__Supplied data__:
* * * * * * * * *

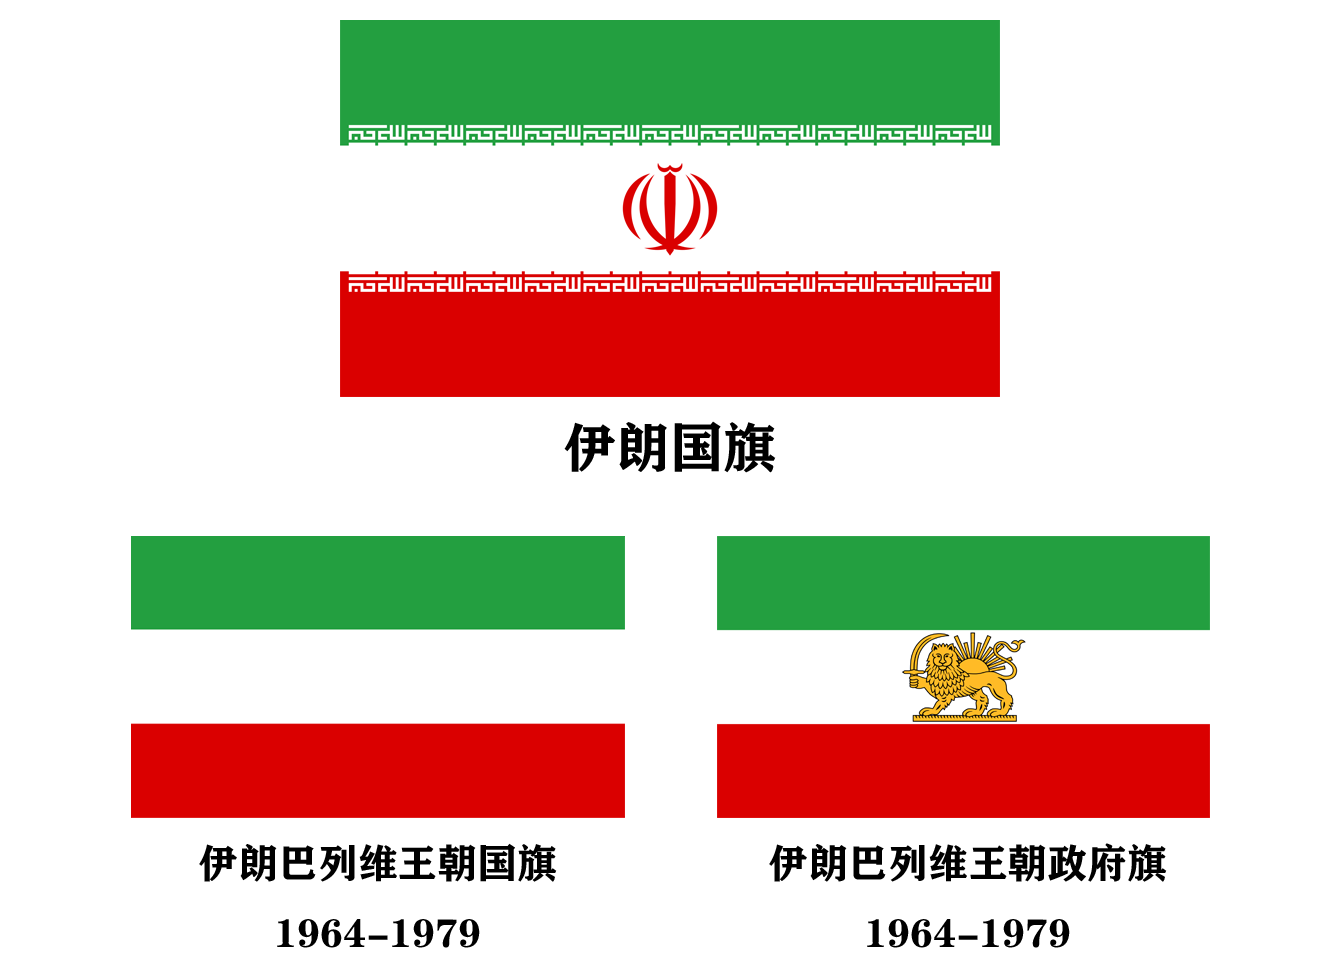 美国足球协会使用伊朗旧版国旗,引发伊朗抗议
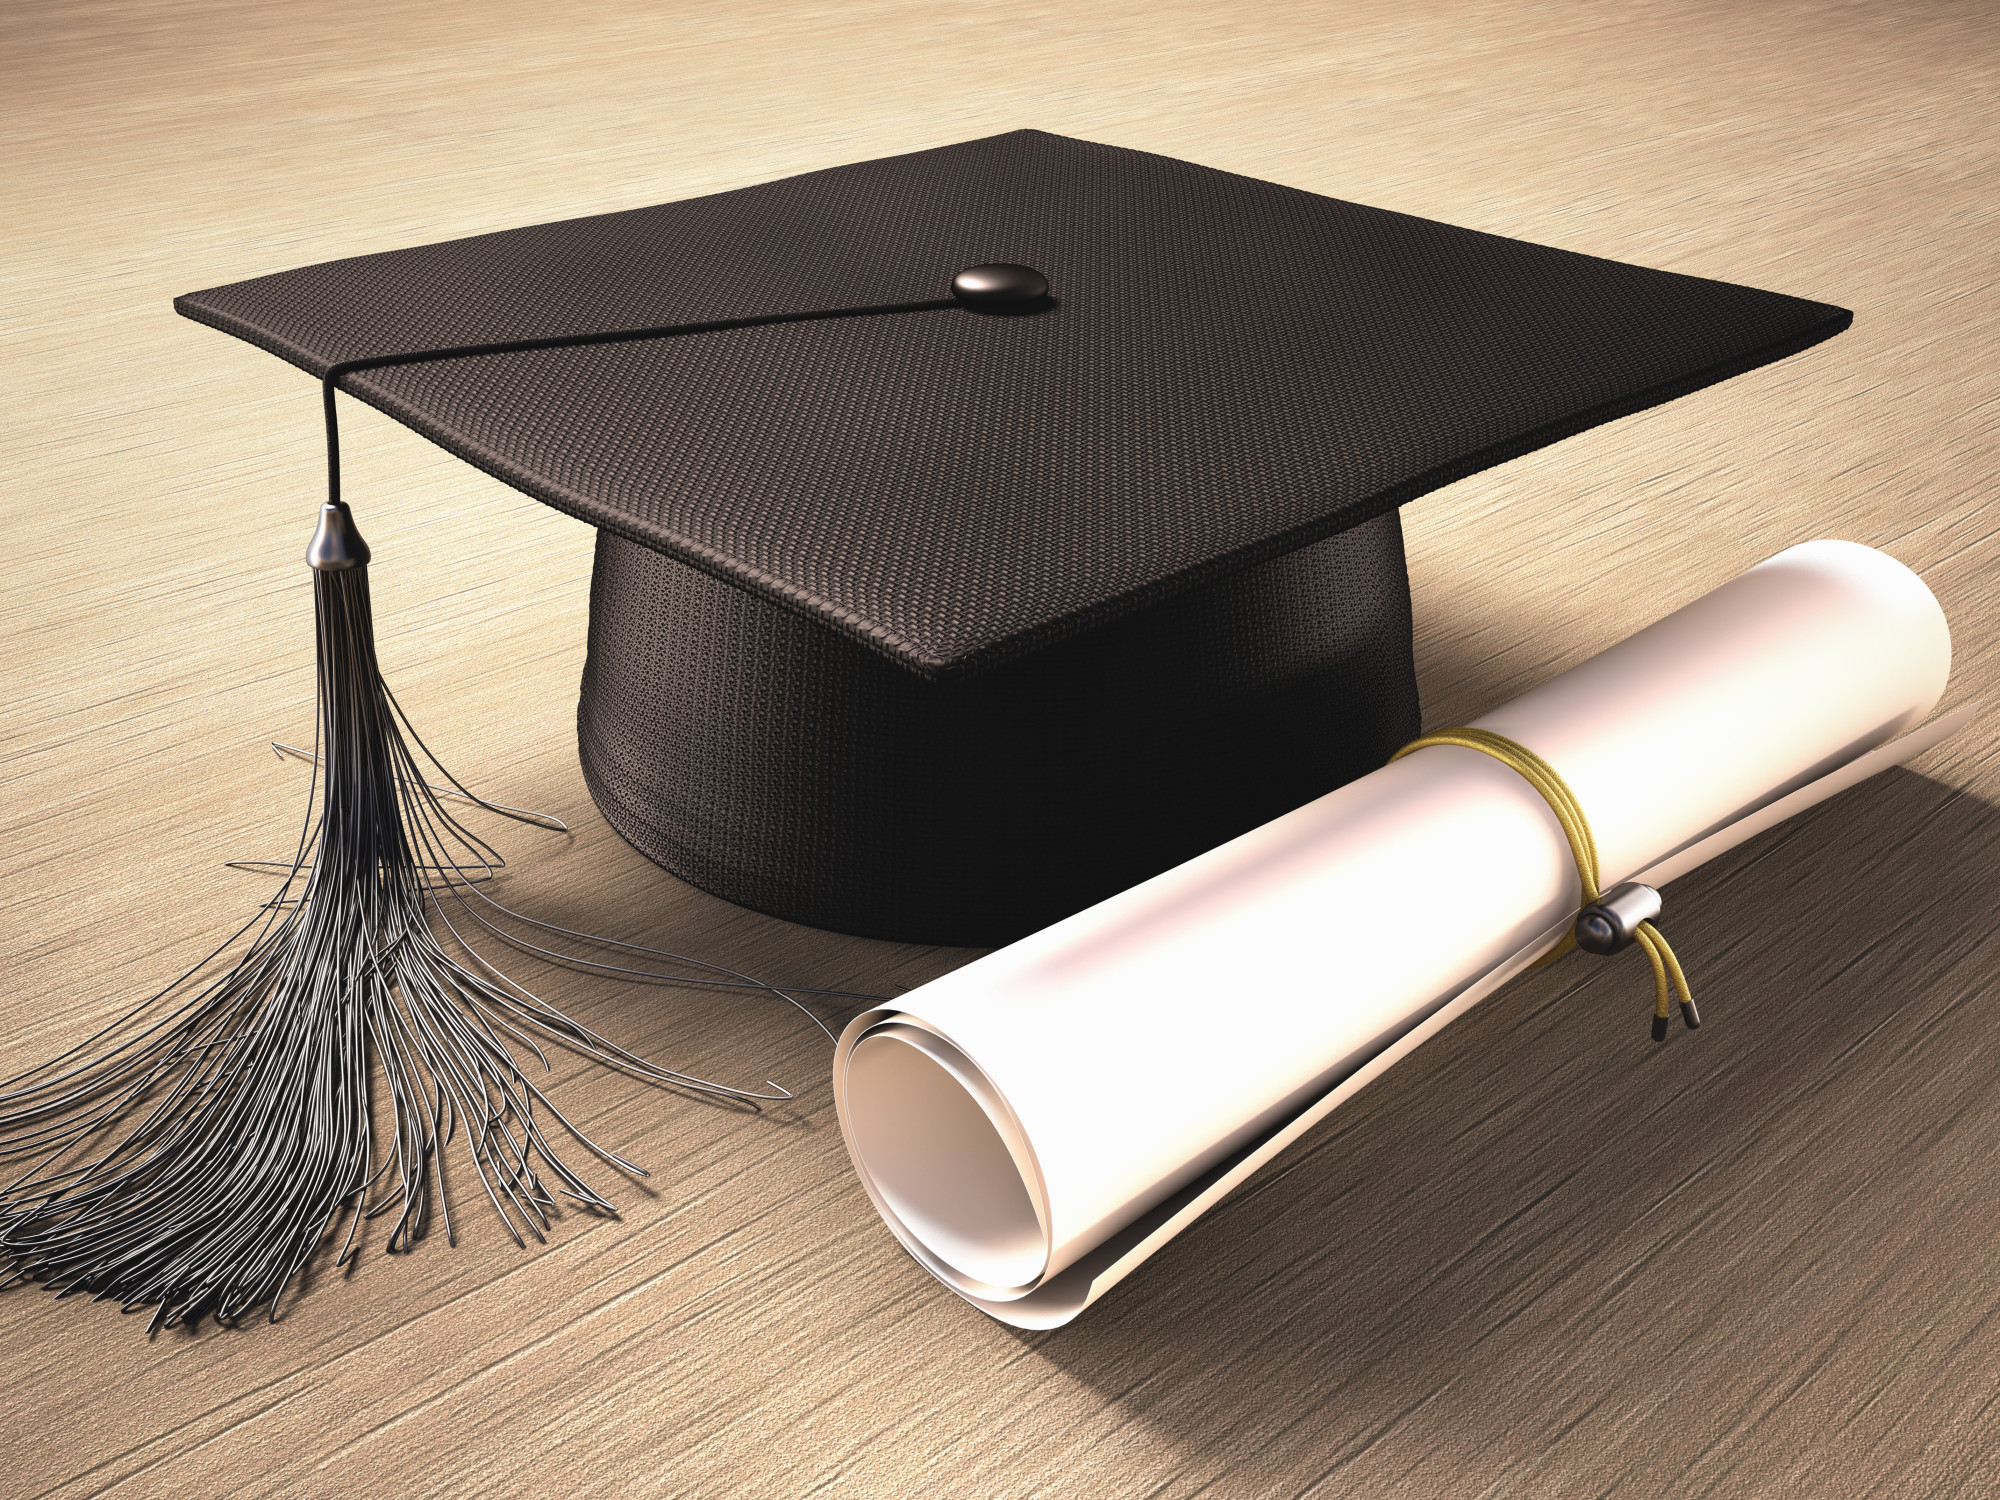 Should You Buy A Fake Diploma? 5 Reasons You May Need One
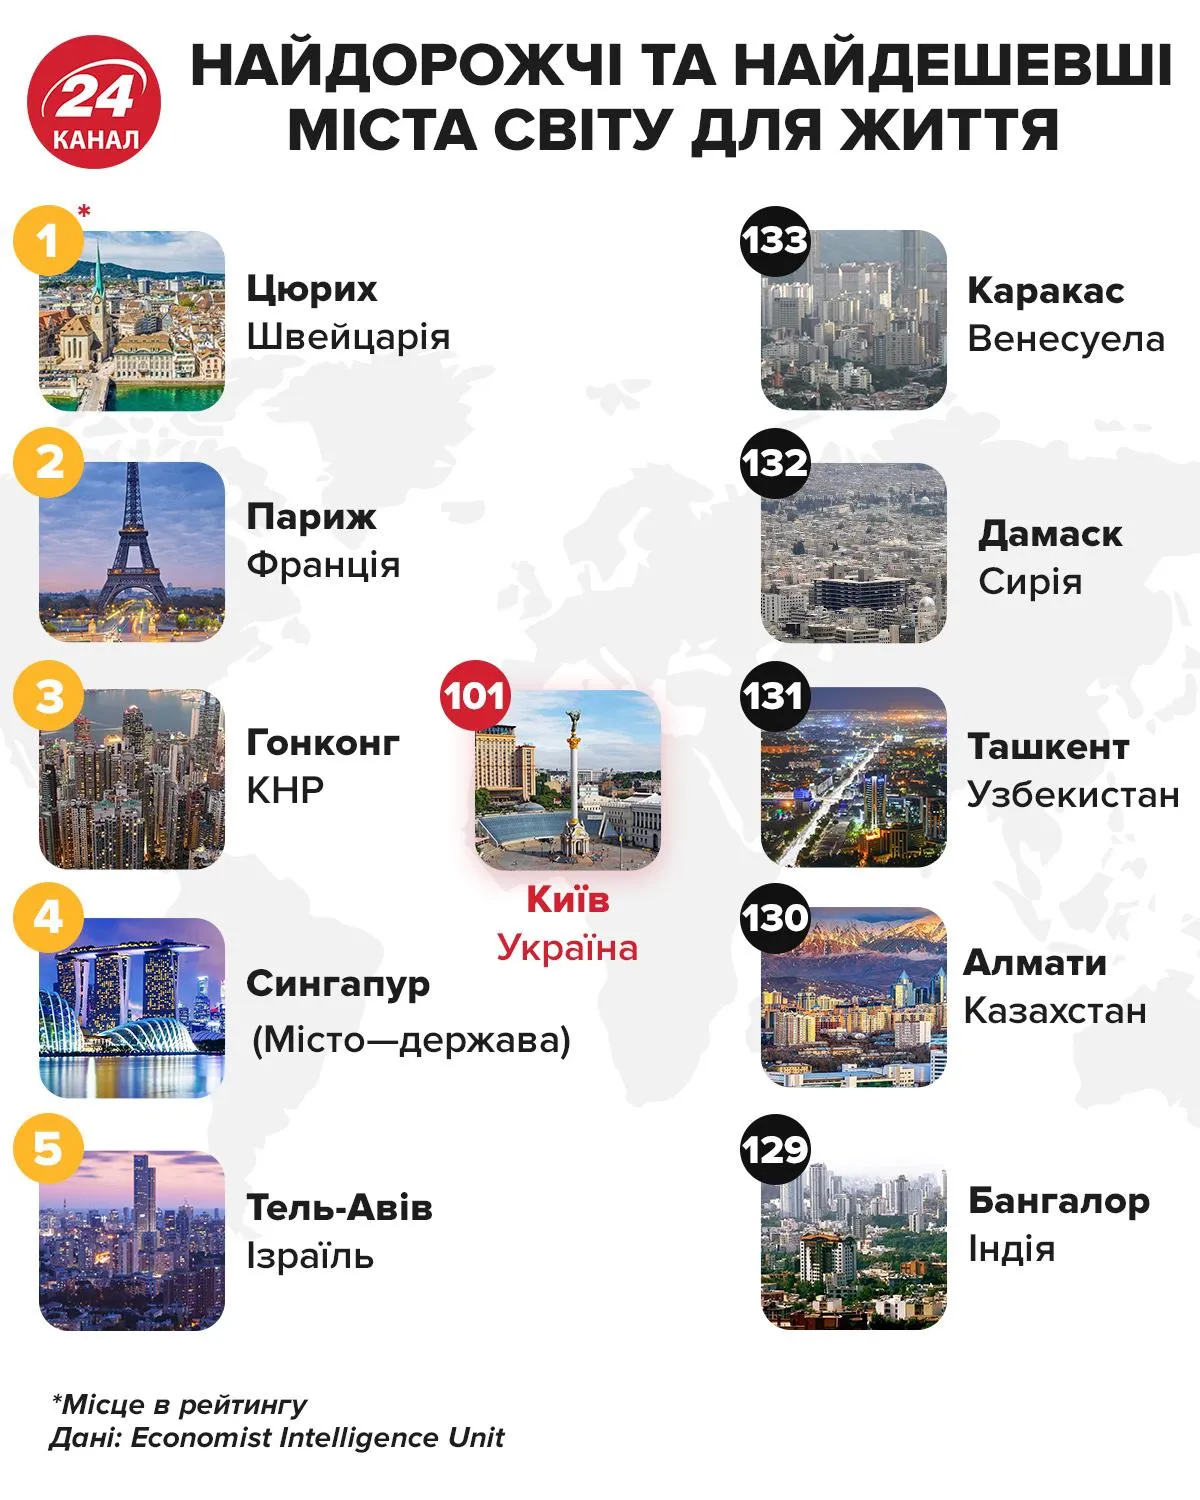 Самые дорогие и самые дешевые города мира Инфографика 24 канал
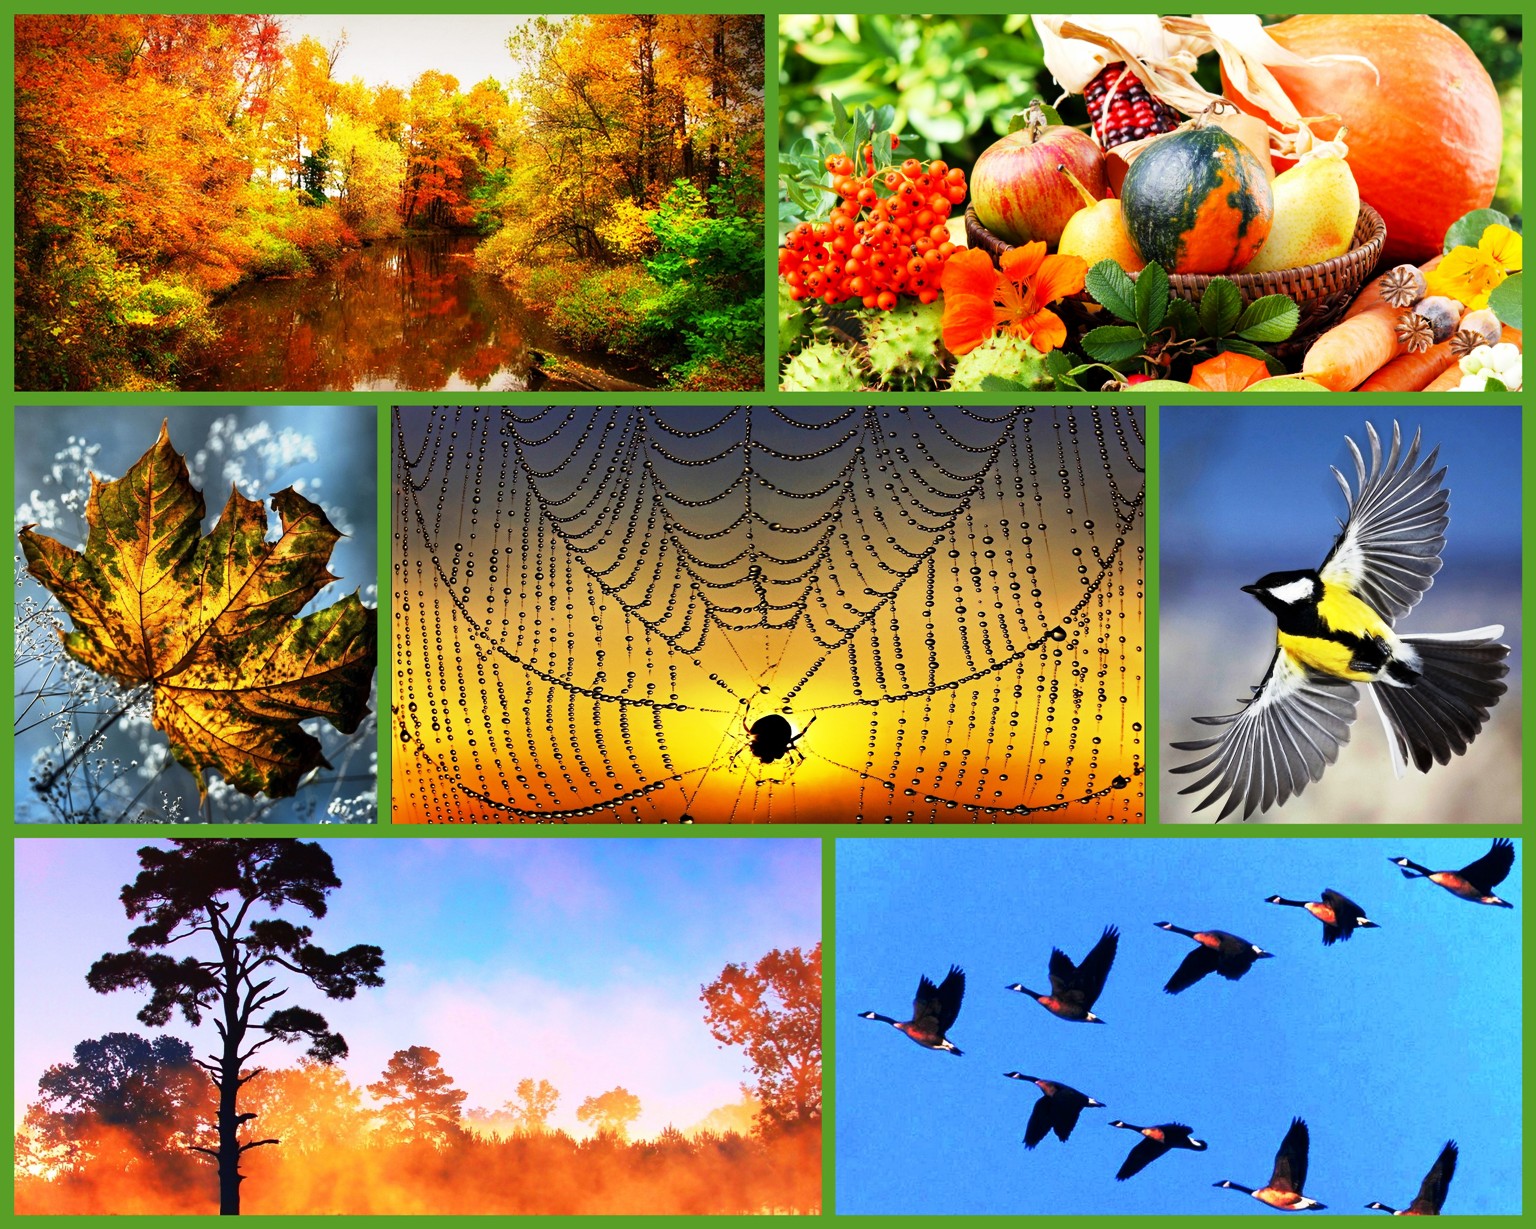 Осеннего неживой природы. Осенние явления природы. Приметы осени. Осенние сезонные явления в природе. Природные явления осенью.

* * * * * * * * *

__Prompt__:
Pictures stay out; all other material above is restated word for word.

__Solution for this problem__:
 美国足球协会使用伊朗旧版国旗,引发伊朗抗议
 Should You Buy A Fake Diploma? 5 Reasons You May Need One
 Самые дорогие и самые дешевые города мира Инфографика 24 канал
 Осеннего неживой природы. Осенние явления природы. Приметы осени. Осенние сезонные явления в природе. Природные явления осенью.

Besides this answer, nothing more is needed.